Frontiers | The role of red and white light in optimizing growth and accumulation of plant specialized metabolites at two light intensities in medical cannabis (Cannabis sativa L.)

The cultivation of medical cannabis (Cannabis sativa L.) is expanding in controlled environments, driven by evolving governmental regulations for healthcare ...

www.frontiersin.org

And ill see if i can dig up the paper from icmag: it had some quite nice yield results for uv supplement: no yield loss even yield gain for some uv conditions.

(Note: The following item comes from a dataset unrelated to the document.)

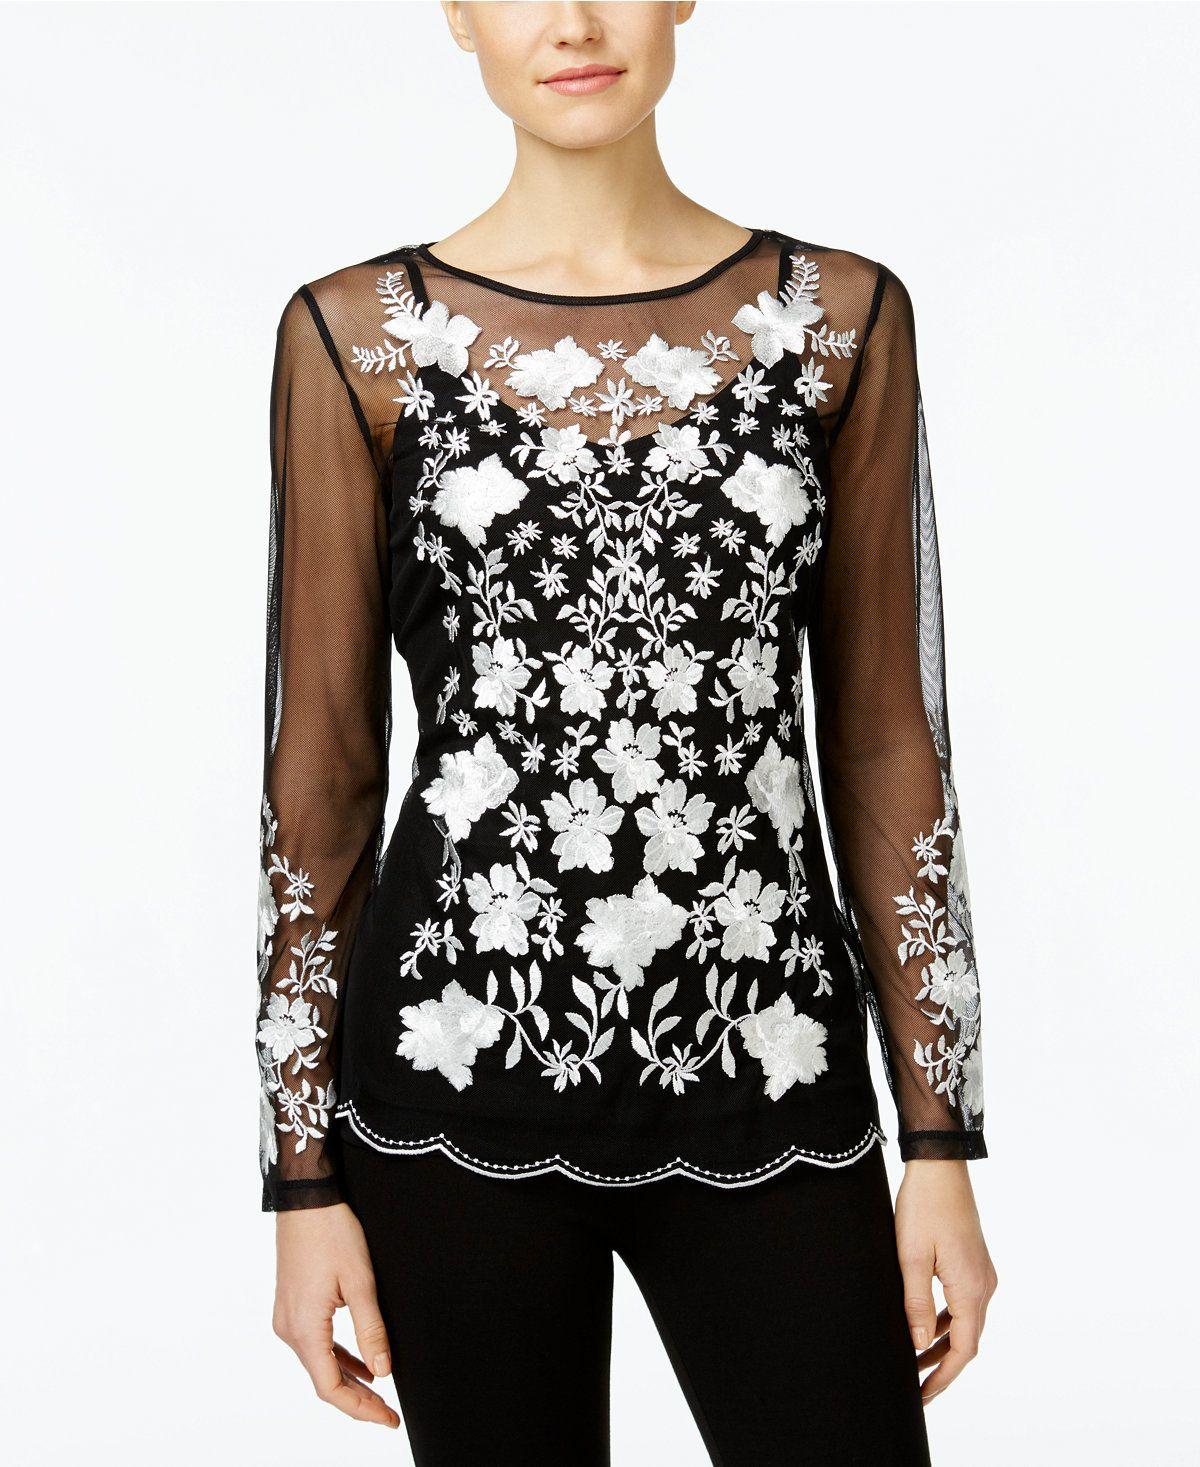 9e476e78381 INC International Concepts Petite Floral-Embroidered Illusion Top ...

Im thinking that the peaks of the spectrum would define which genes are more "switched on" in the plant. But there is probably a percentual correlation to blue% even though this may not be the causally driving factor

Edit:

Frontiers | Indoor grown cannabis yield increased proportionally with light intensity, but ultraviolet radiation did not affect yield or cannabinoid content

Cannabis (Cannabis sativa) flourishes under high light intensities (LI); making it an expensive commodity to grow in controlled environments, despite its hig...

www.frontiersin.org

It has some nice points re uv supplement, no yield loss, possible yield gain even when adding uva/uvb which is a bit counterintuitive: adding 3.1 something of ppfd in the uva/uvb range made a 600ppfd cannopy yield similar to a 800ppfd cannopy with no uv.

Thank you for providing these papers. Both very interesting reads.

The latter - I agree with your comment on that finding and it would be interesting to see the outcome of combination UV treatments with the 800µmol and 1kµmol levels. "interesting" is key because the cost of adding supplemental lighting vs increasing the PPFD of the PAR light is very high. Coupled with that is the unambiguous increase in yield that comes with a higher PPFD in the PAR range. Thus "interesting" but, unless there's a signficant increase in yield or quality, it's just not worth it at the commercial level. For the personal producer/home grower, I think it's fair to say that novelty has significant value so sales of supplemental lighting will continue to reflect marketing effort for some time.

Re 640+660 > yield than 660 — 660 is the standard wavelength for most lights but, if the cost of adding in 640nm LED's isn't signficant, then I would think that we'll see them being introduced in the next generation of LED designs. I have no idea of the cost of 730 vs 640 but 730 is starting to be used in commodity lights - HLG and Growlight Australia come to mind but I'm sure there are others.

Back to the present issue - the second paper provides insight into the complexity of this type of work in that the wavelengths of the UV bands are dissected precisely and the exposure duration, intensity, and timing are al factors. Perhaps there is a combination of those factors that provides a significant benefit but until then, "more research is needed".